I have a 1999 Chevy Silverado 1500 Z71 and am having issues with my ABS. When coming to a stop, the ABS will kick in when under 10ish mph. I started to happen after I changed my driver front wheel bearing. It was a cheap Ebay bearing, so, now, about 3-4 months later, I bought a new wheel bearing and installed it today to see if it changed. Nope. When I changed it a couple months ago, the ABS & Brake light would come on but reset when I would shut the truck off. The ABS pump is not having the typical issue where it runs non-stop, but it kicks in for no reason.


----------



## overtime (Nov 5, 2009)

Gm has problems with rust built up under the abs sensors. both sides need to be cleaned. Also that cheap ebay bearing might wanna try a better one.


----------



## famouslee99gt (Nov 6, 2006)

I did replace the ebay bearing today and no change. The ebay bearing was only 3-4 months old. Maybe I have rust under the passenger abs sensor, although that bearing is only a year and a half old.


----------



## Joesno (Dec 8, 2008)

my 03 does it. just got used to it. so all i need to do id clean the sensor?


----------



## overtime (Nov 5, 2009)

Yep clean sensor. be careful when you pull it out of hub. You don't brake it otherwise dealer is only place that sells the sensor I think last I knew.


----------



## 06Sierra (Nov 30, 2008)

There was a recall in some northern states for that issue. Like the others said, it's the abs sensor.


----------



## famouslee99gt (Nov 6, 2006)

When I got the truck back in April 2006, I had it in the shop for that recall and they cleaned them. I was having issues then, it was just an open recall on the truck and I wanted it done. I'm not sure if they would do it again for free, or if this time I would have to pay since it's been done once.


----------



## mrfixx (Sep 21, 2007)

*mrfixx*

The proper way is to pull both front abs sensor,clean the sensor..Get a file and remove the rust off the mating surface where the sensor sits..make sure you see bare silver metal,this will tighten up the air gap SO the stater in the hub can be close enough the trigger the magnetic sensor..Apply Greece (not anti-seize has nickel in it and it will trigger the sensor) to the surface and reinstall the abs sensor..your problem is now solved..


----------



## samjr (Mar 18, 2008)

*my 04 sierra same thing*

abs sensor is $55 here in canada so in the us $40 i wood say but they want $150 aside to cleen them and if they brake then the $55 comes in


----------



## mcwlandscaping (Sep 8, 2005)

Pull out the abs fuse and be done with it


----------



## sechracer (Nov 4, 2007)

mcwlandscaping;868395 said:


> Pull out the abs fuse and be done with it


Agreed, I pulled my fuse and dash bulb. No problems since


----------



## nhgranite (Feb 26, 2009)

had the same problem on my 01.rust built up on the sensor. turns out i needed rotors, pads, calipers etc... anyways. it sucked with the abs coming on every time i stopped. thank god for the allison tranny's gearing. makes brake use minimal.


----------



## Burkartsplow (Nov 1, 2007)

ABS sensor at the dealer is $130 for oem. I was thinking of doing it myself. How long would it take and how easy or hard is it. thanks. Only one mine is bad, but I thought I would clean both or replace both.Thanks


----------



## mcwlandscaping (Sep 8, 2005)

I changed the abs sensors in my truck when I was having that issue and it worked for a day then did it again, turned out to be the module...that's why I said to just pull the fuse


----------



## affekonig (Aug 5, 2008)

Here's the procedure if you want to replace the sensors:

The following procedure provides instructions for repairing a corrosion condition where the front wheel speed sensor mounts on the front wheel bearing assembly.

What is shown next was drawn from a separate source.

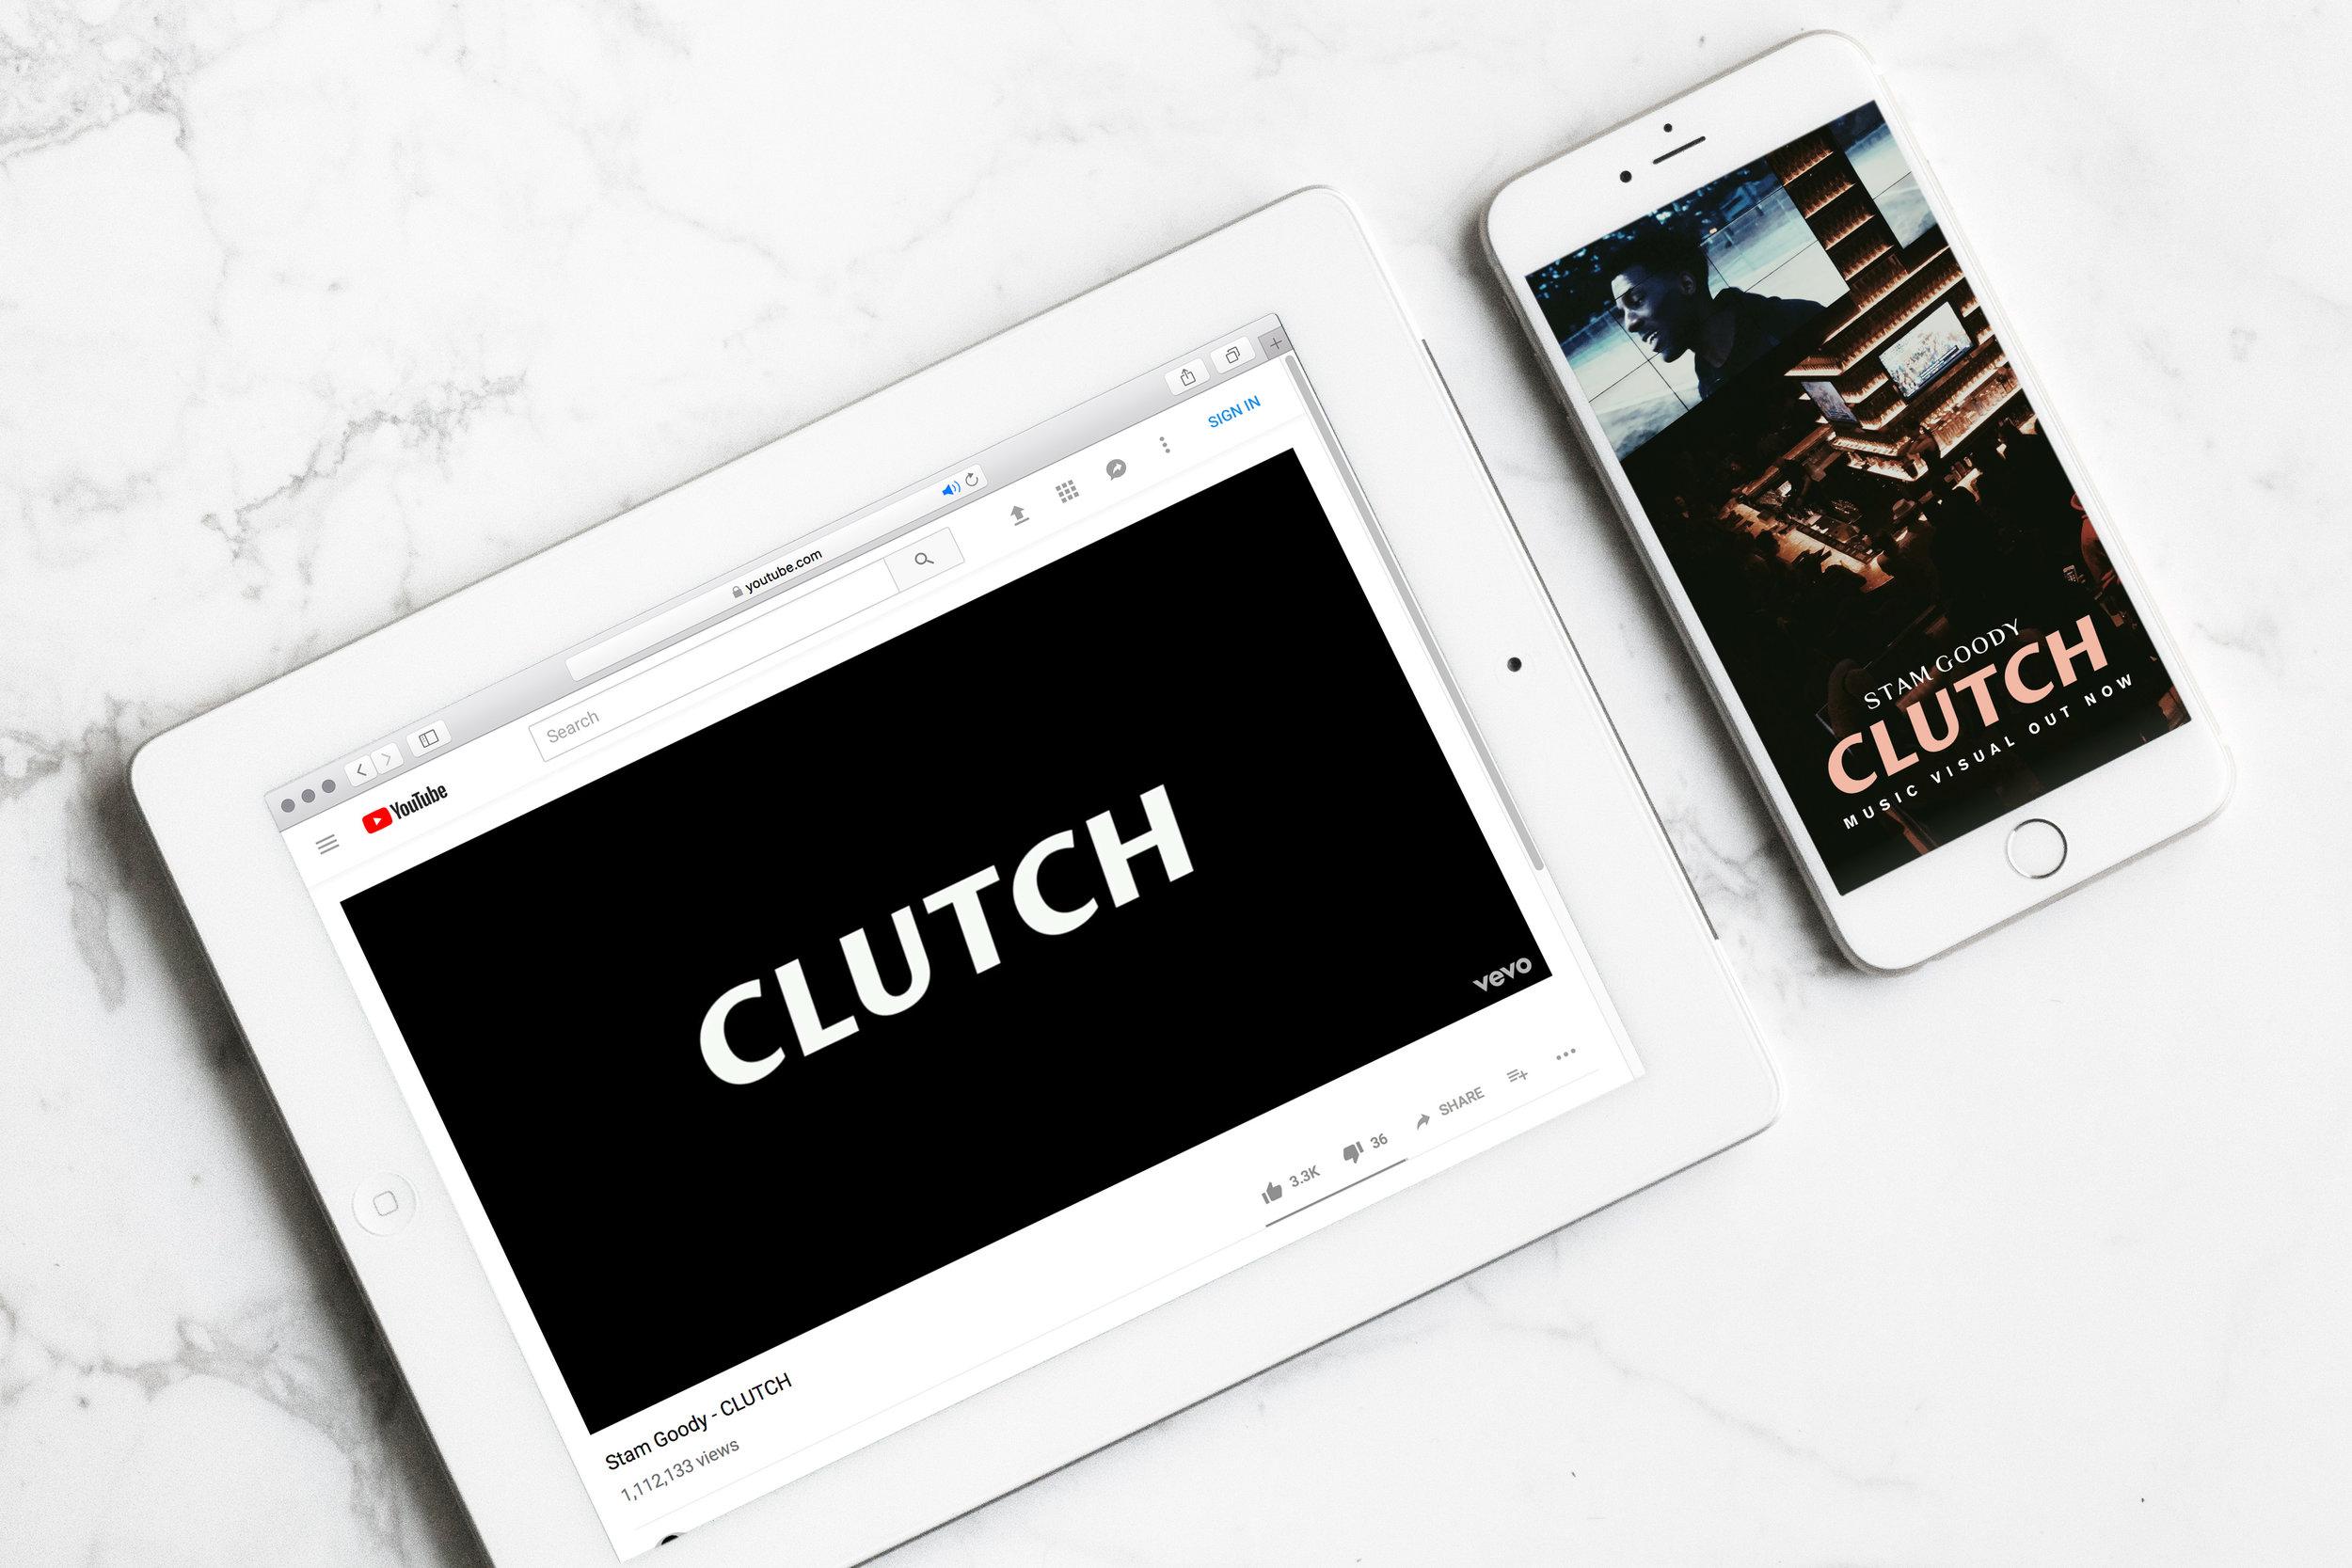 CLUTCH_YouTube.jpg

Raise the vehicle on a suitable hoist and support as necessary. 
Remove both front tires and wheels. 



Compress the front brake caliper pistons. 
3.1. Install a large C-clamp over the top of the caliper housing and against the back of the outboard pad. 

3.2. Slowly tighten the C-clamp until the pistons are pushed completely into the caliper bores. 

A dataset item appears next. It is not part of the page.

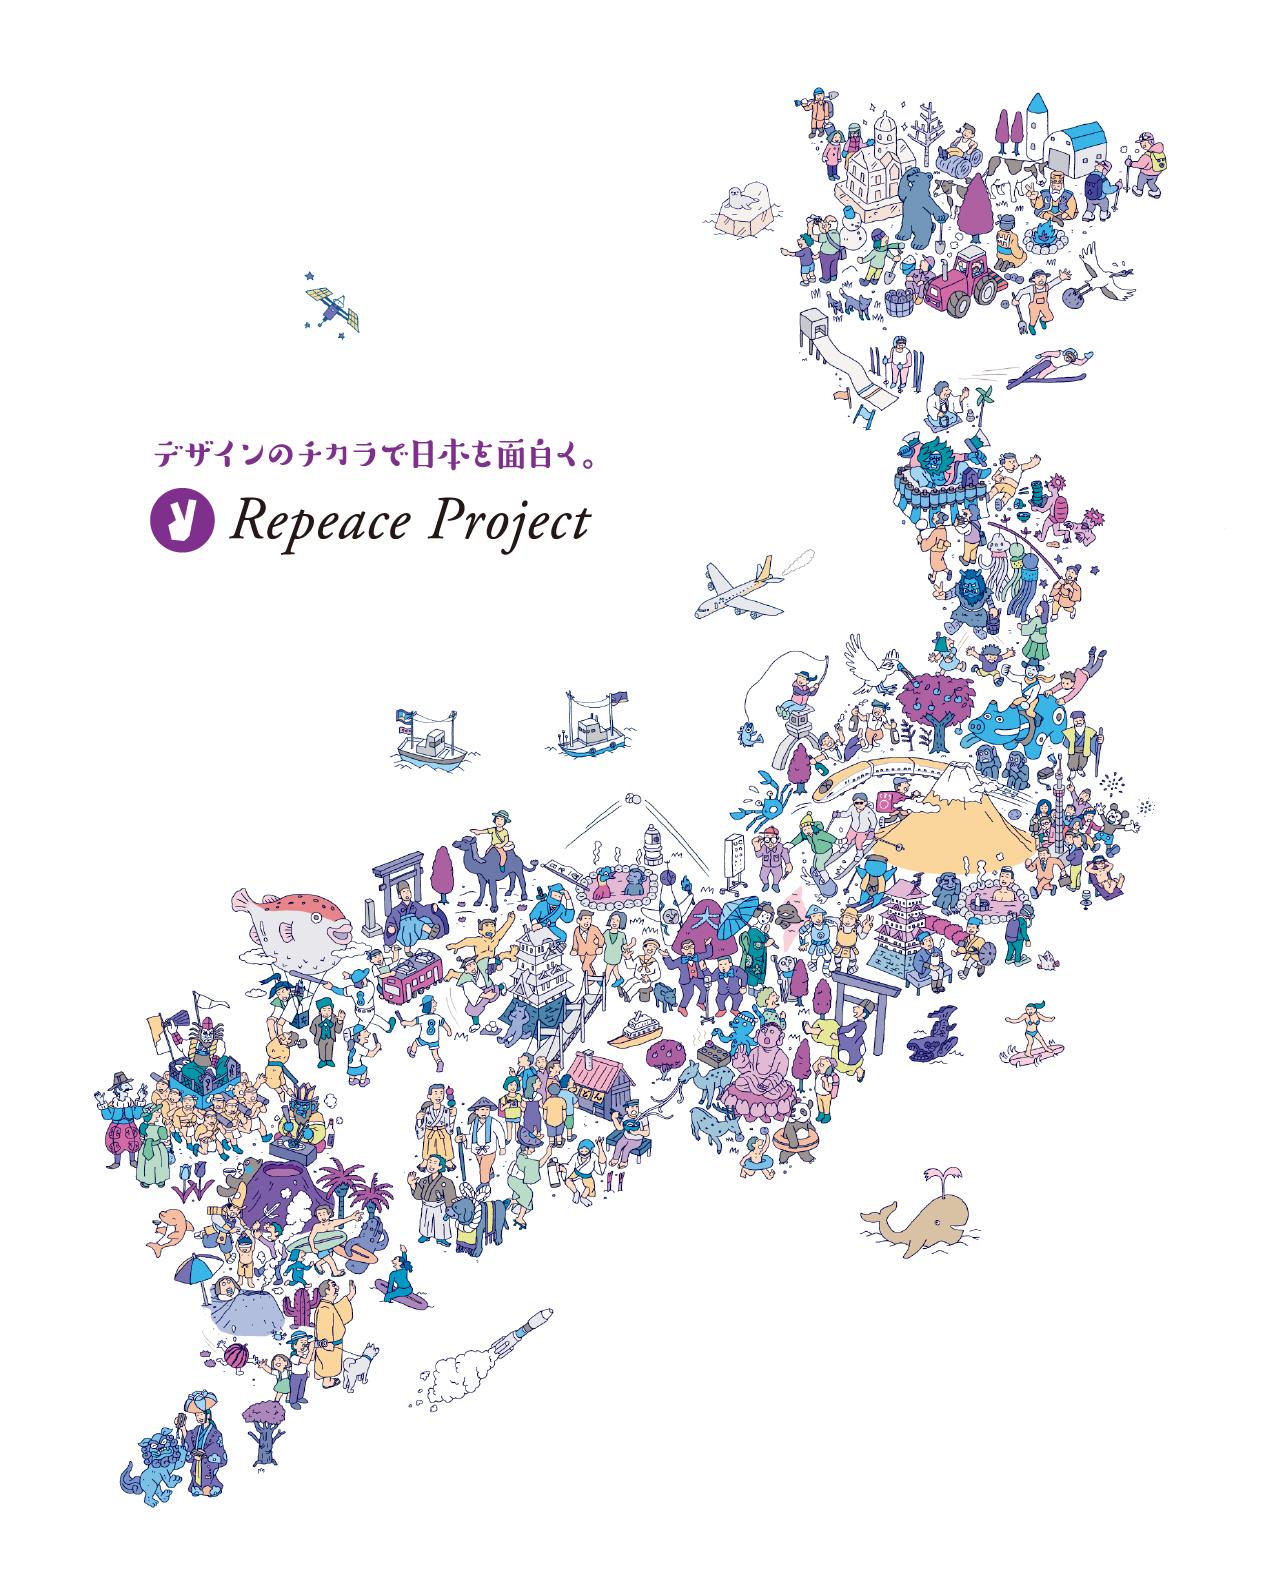 デザインのチカラで日本を面白く。- Repeace Project

3.3. Remove the C-clamp from the caliper. 





Important: It is not necessary to remove the front brake caliper from the bracket when removing the bracket in the next step. 

Remove the two bolts that attach the front brake caliper mounting brackets to the knuckle. 
Notice: Support the brake caliper with heavy mechanic’s wire, or equivalent, whenever it is separated from its mount, and the hydraulic flexible brake hose is still connected. Failure to support the caliper in this manner will cause the flexible brake hose to bear the weight of the caliper, which may cause damage to the brake hose and in turn may cause a brake fluid leak. 

Remove the brake caliper and bracket as an assembly and support it with heavy mechanic’s wire or equivalent. DO NOT disconnect the hydraulic brake flexible hose from the caliper. 
Mark the relationship of the rotor to the bearing hub. 
If equipped, remove the rotor retaining push nuts from the wheel studs 



Remove the rotor. 



Remove the bolt (1) that attaches the wheel speed sensor to the bearing hub. 
Notice: Carefully remove the sensor by pulling it straight out of the bore. DO NOT use a screwdriver or other device to try to pry the sensor out of the bore. Prying will cause the sensor body to break off in the bore. 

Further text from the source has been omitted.